**GOAL OF THE EXERCISE**
Write the full listing out again, word for word, but omit the pictures.

**SOURCE DATA**
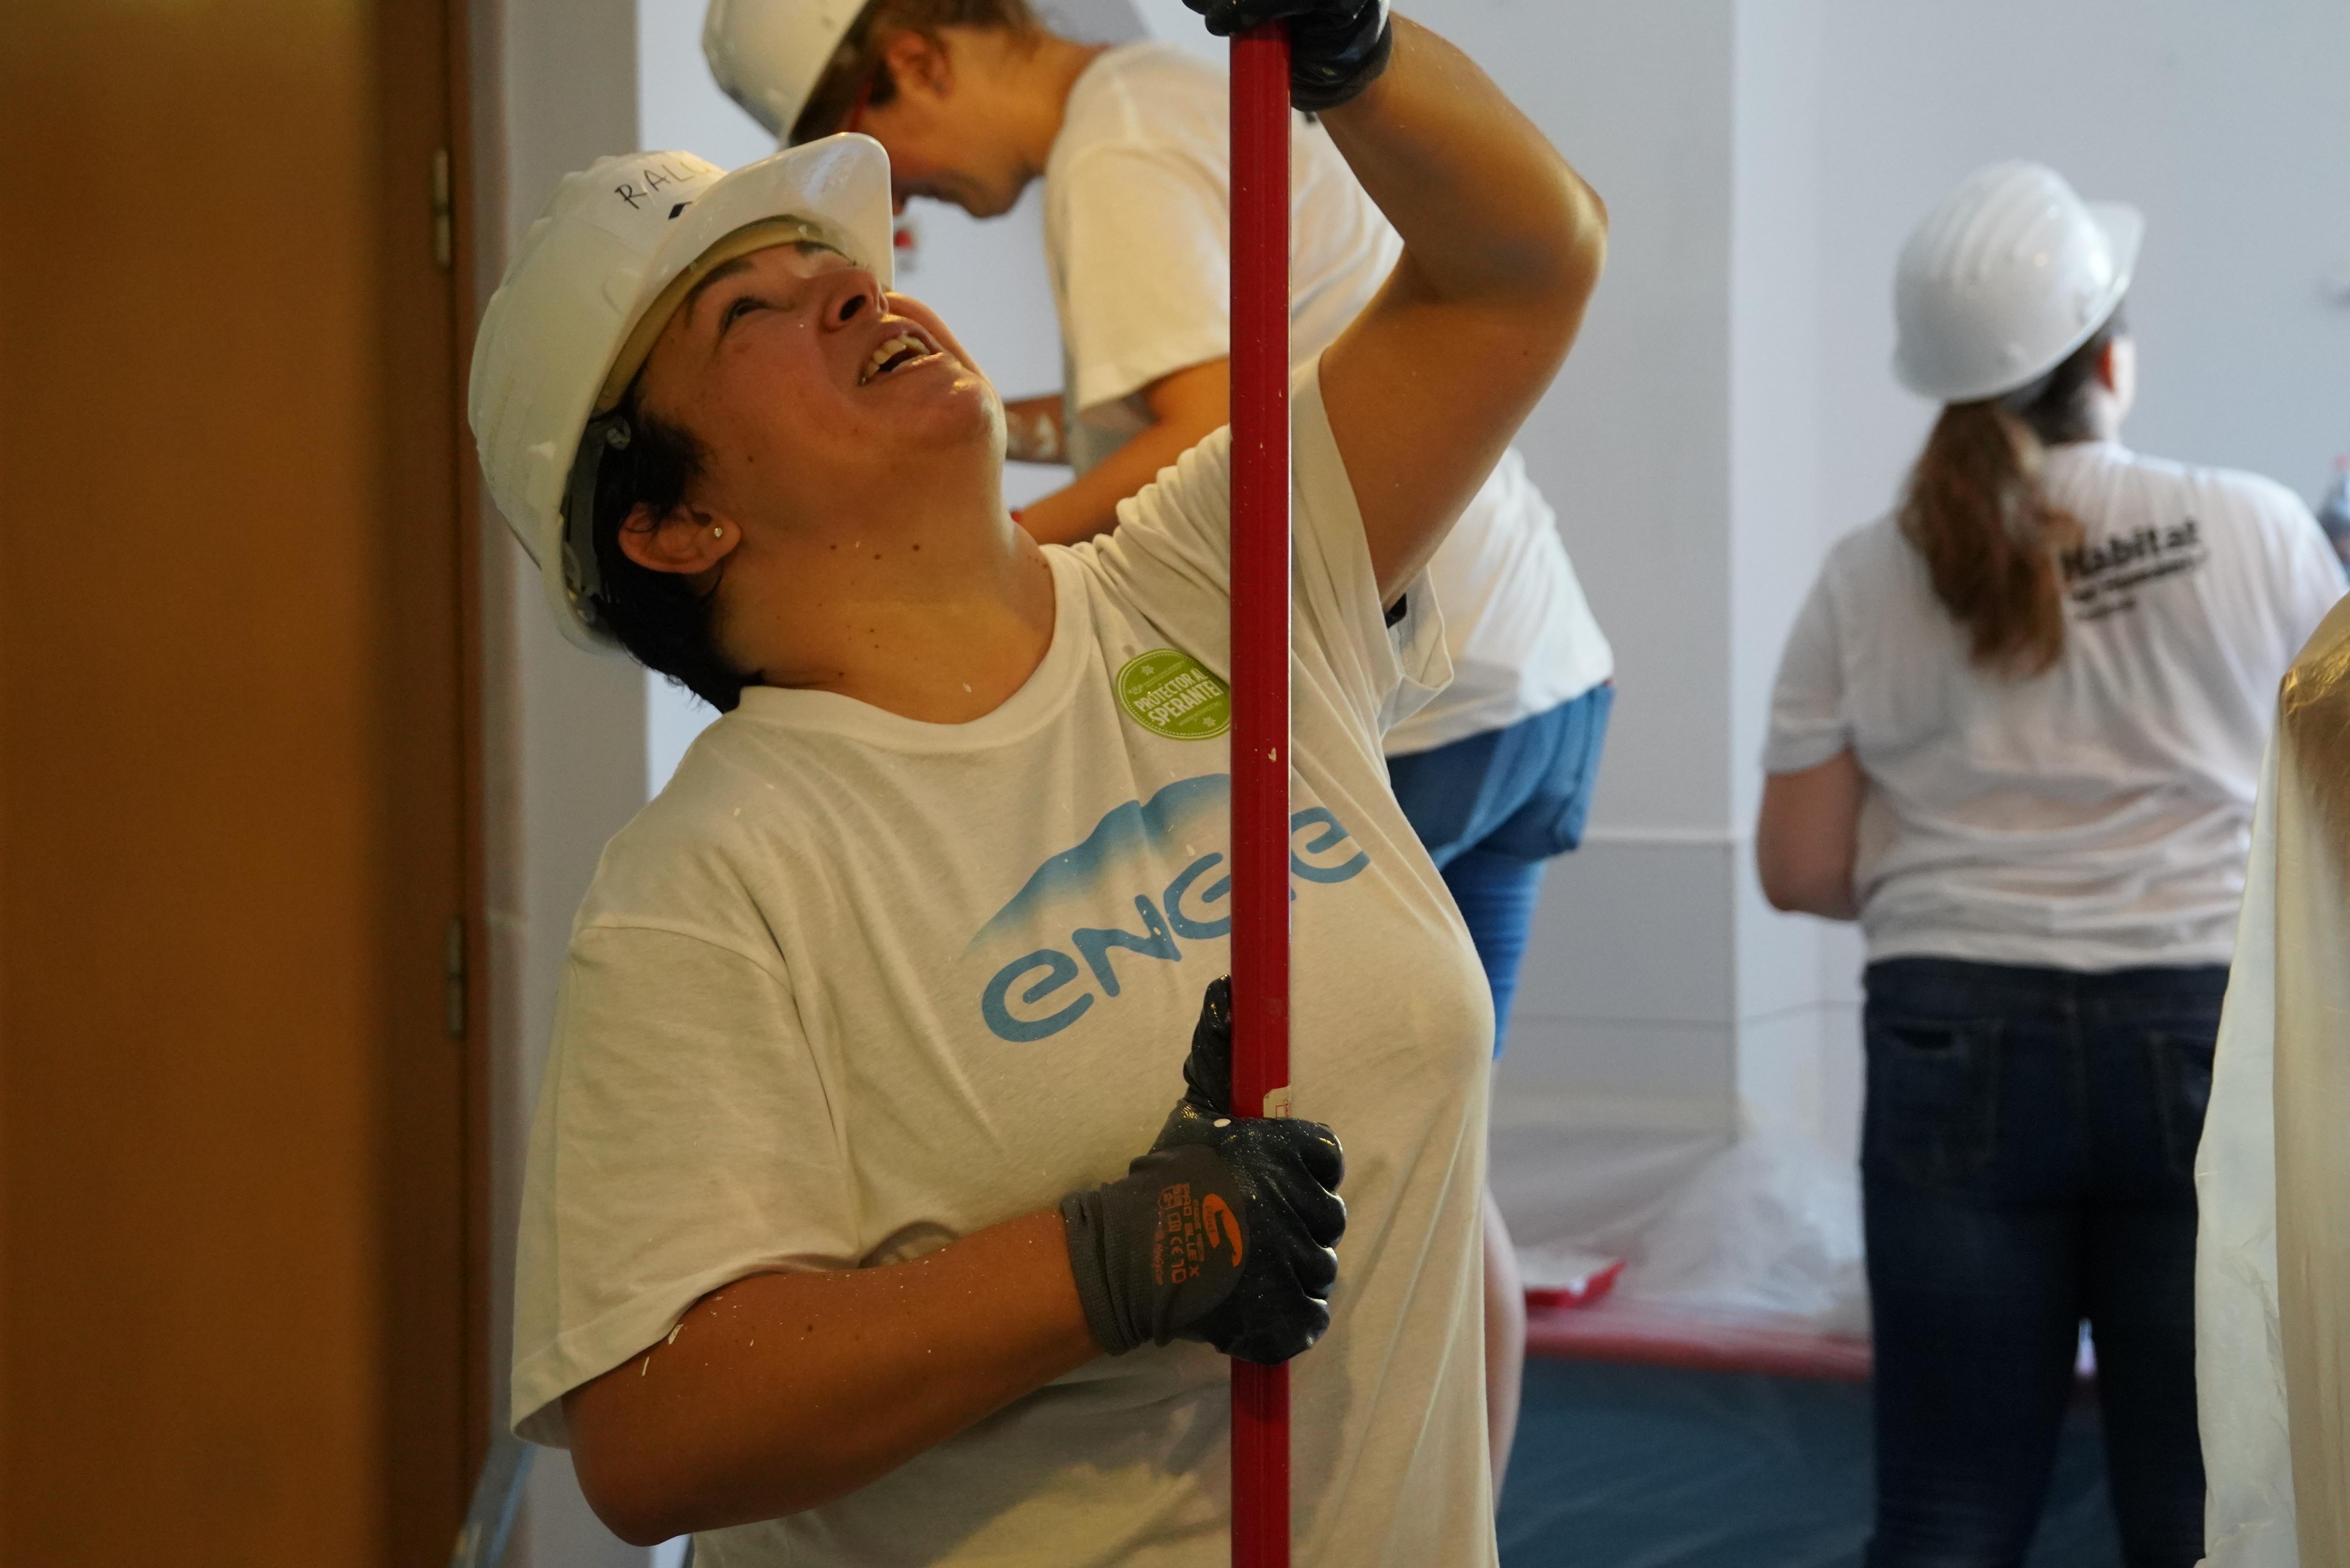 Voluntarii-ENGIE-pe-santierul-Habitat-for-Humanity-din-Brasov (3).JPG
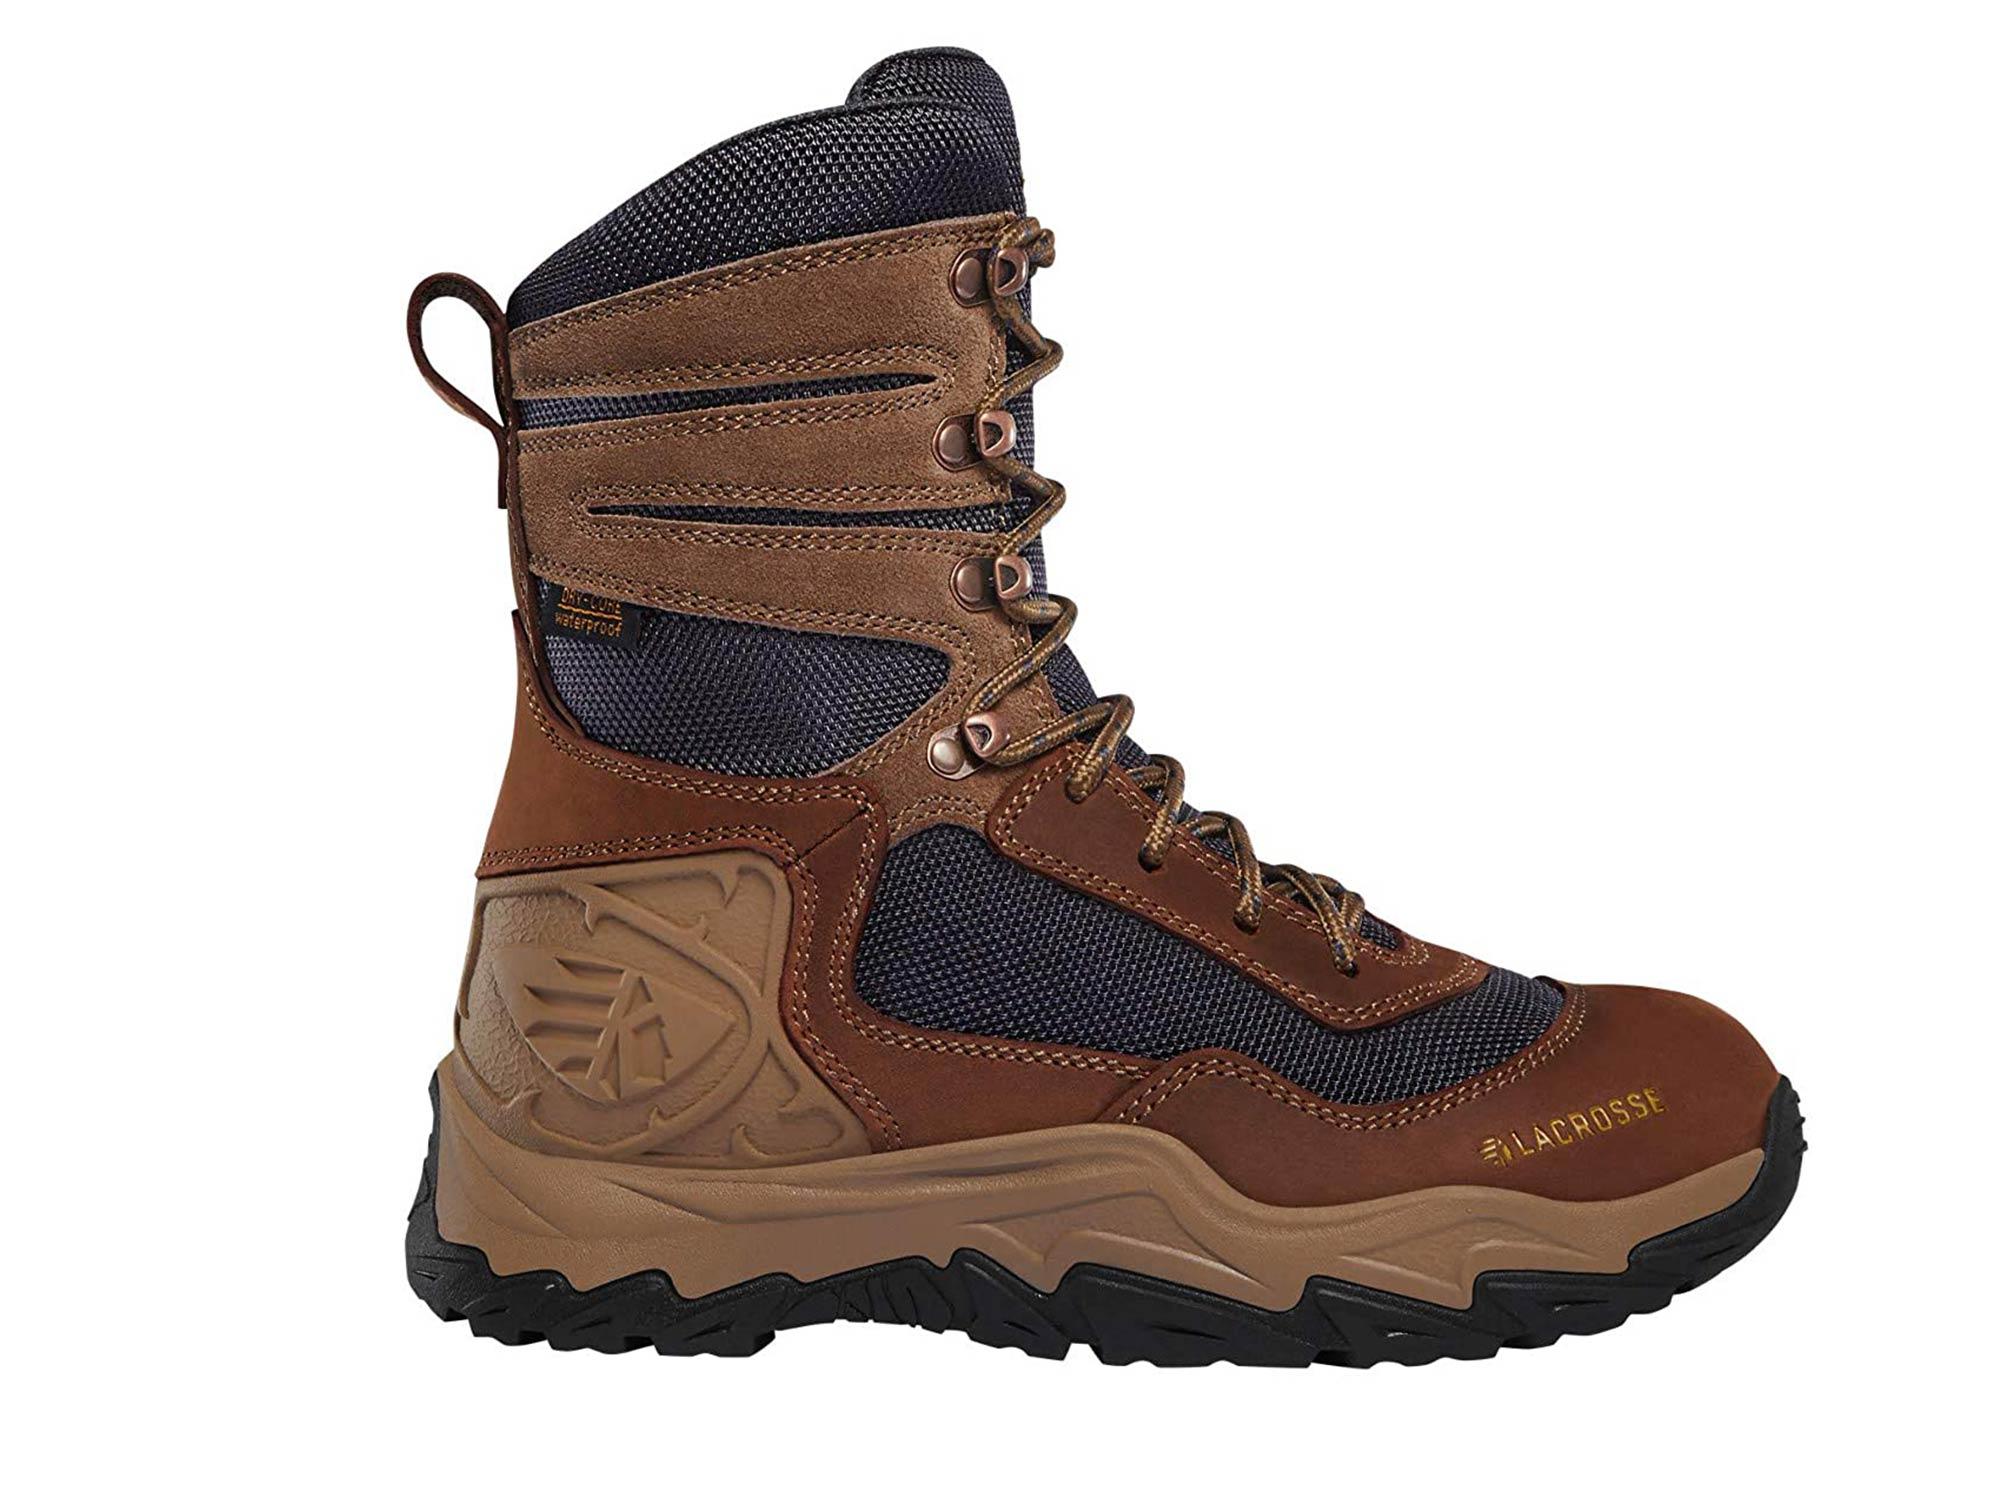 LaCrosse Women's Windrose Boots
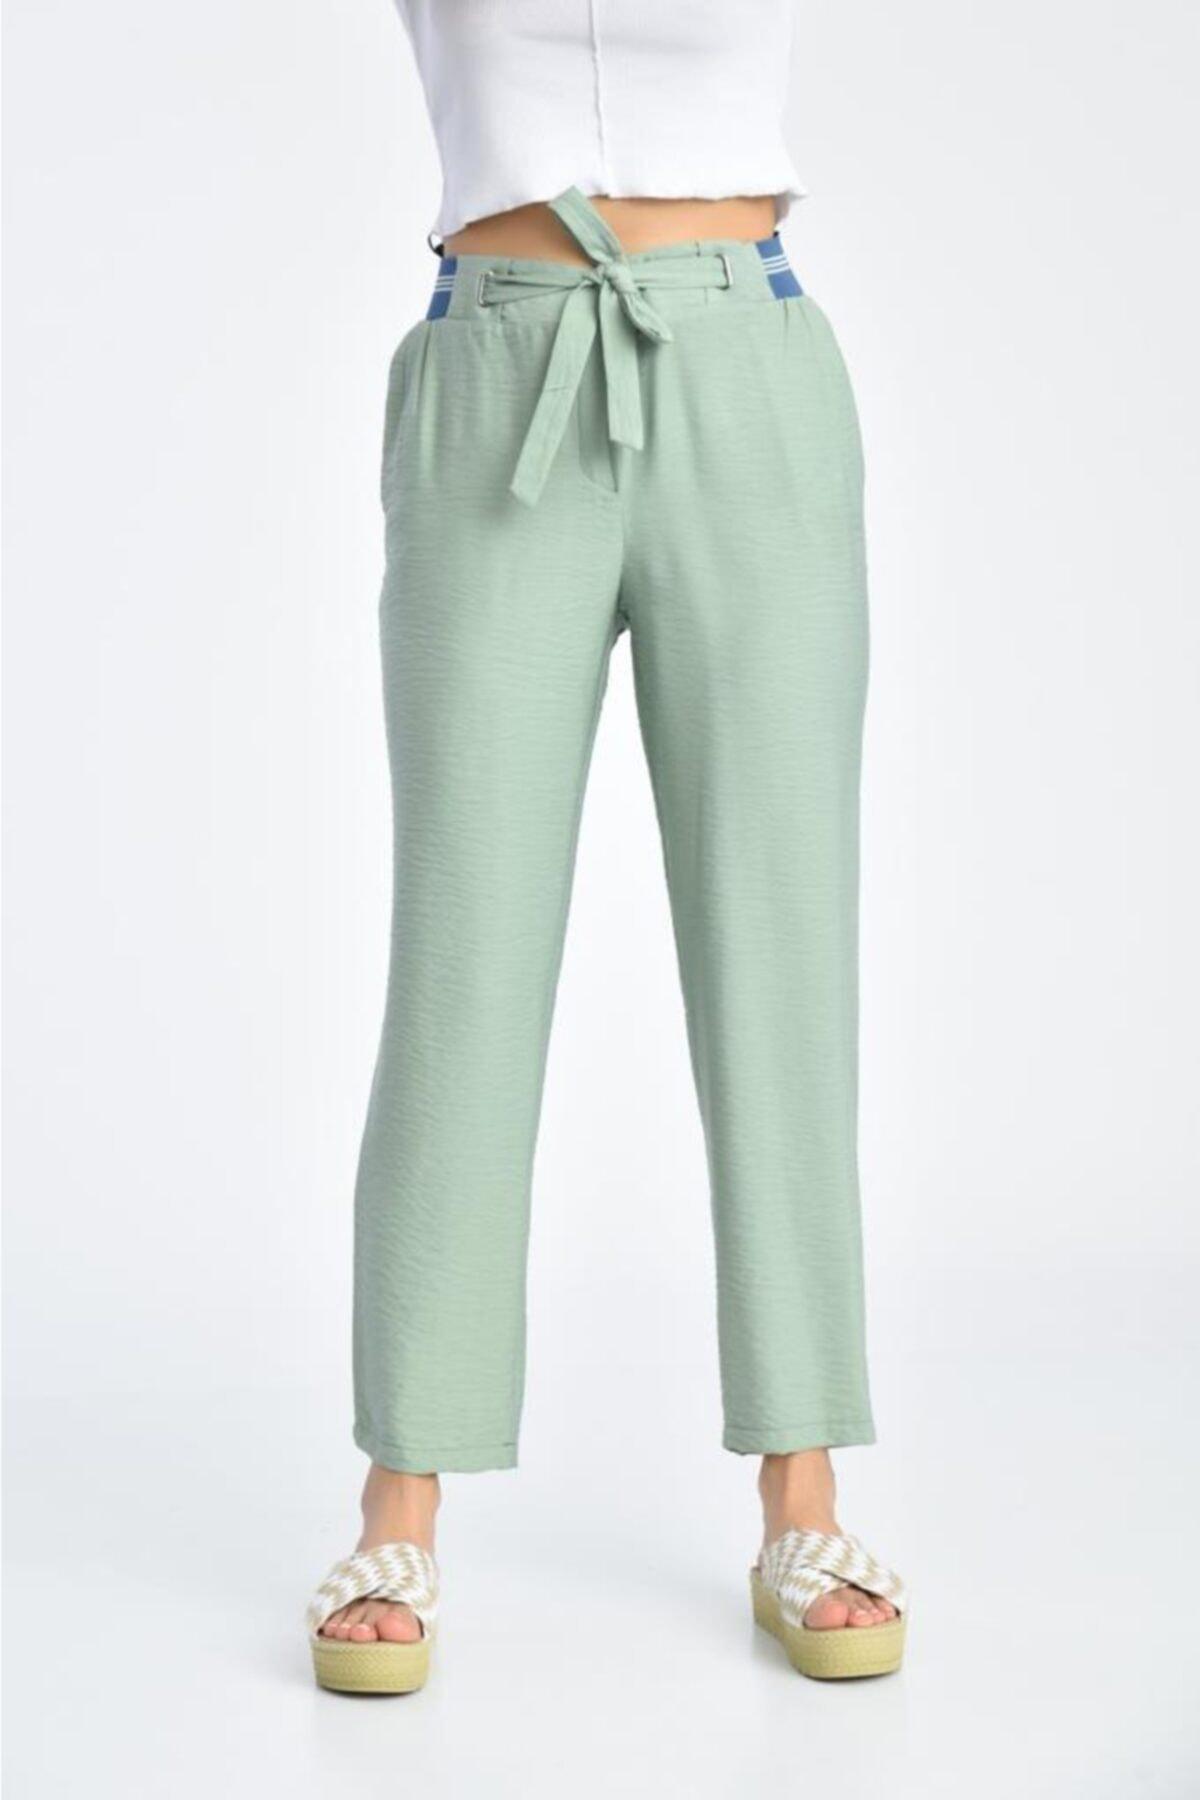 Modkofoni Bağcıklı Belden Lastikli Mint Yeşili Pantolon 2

**WRITTEN ANSWER**
 Voluntarii-ENGIE-pe-santierul-Habitat-for-Humanity-din-Brasov (3).JPG
 LaCrosse Women's Windrose Boots
 Modkofoni Bağcıklı Belden Lastikli Mint Yeşili Pantolon 2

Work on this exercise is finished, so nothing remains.